问题
Suppose I have the following dataframe:
df <- data.frame("yearmonth"=c("2005-01","2005-02","2005-03","2005-01","2005-02","2005-03"),"state"=c(1,1,1,2,2,2),"county"=c(3,3,3,3,3,3),"unemp"=c(4.0,3.6,1.4,3.7,6.5,5.4))
I'm trying to create a lag for unemployment within each unique state-county combination. I want to end up with this:
df2 <- data.frame("yearmonth"=c("2005-01","2005-02","2005-03","2005-01","2005-02","2005-03"),"state"=c(1,1,1,2,2,2),"county"=c(3,3,3,3,3,3),"unemp"=c(4.0,3.6,1.4,3.7,6.5,5.4),"unemp_lag"=c(NA,4.0,3.6,NA,3.7,6.5))

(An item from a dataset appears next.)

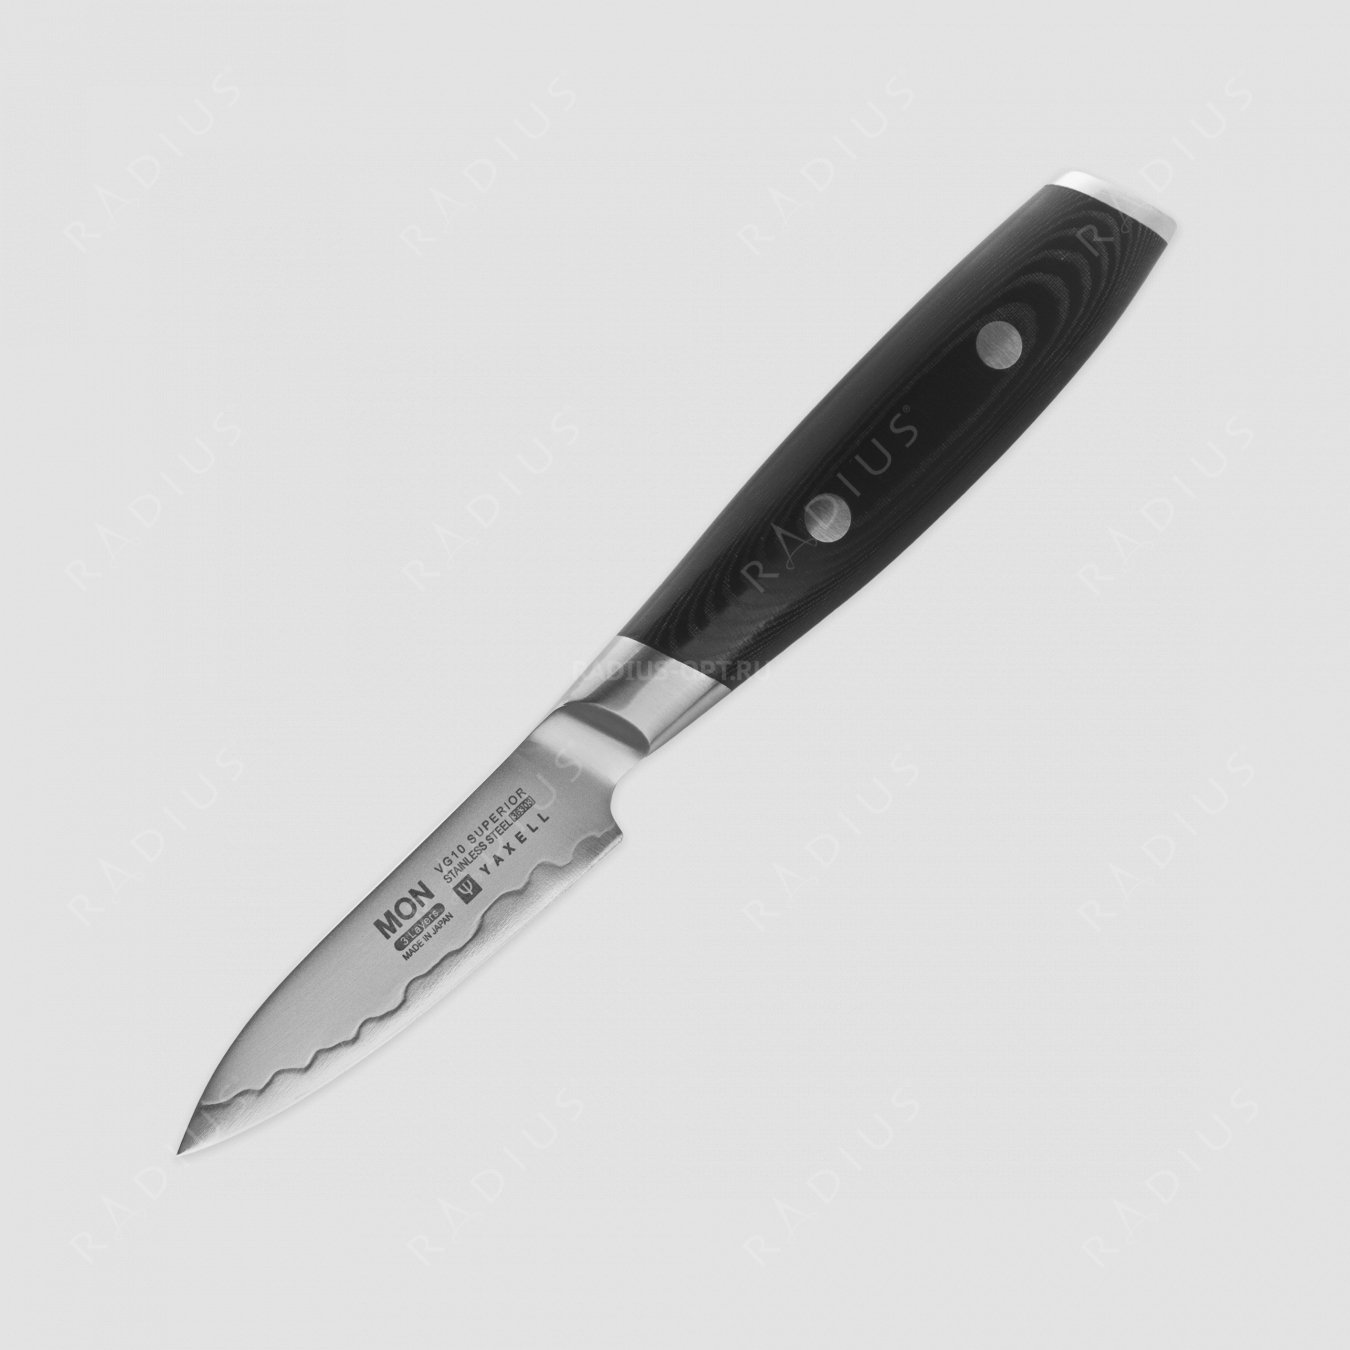 Нож кухонный для чистки 8 см, «Petty», сталь VG-10 в обкладке из нержавеющей стали, серия Mon, YAXELL, Япония

Now, imagine this situation except with thousands of different county-state combinations and over several years. I tried using the lag function, the zoo.lag function, but I couldn't make it take into account the state-county codes. One possibility is to make a giant for loop, but I think this is too much data (R does not handle for loops well) and I am looking for a cleaner way to do it. Any ideas? Thanks!
回答1:
With data.table:
library(data.table)
setDT(df)[,`:=`(unemp_lag1=shift(unemp,n=1L,fill=NA, type="lag")),by=.(state, county)][]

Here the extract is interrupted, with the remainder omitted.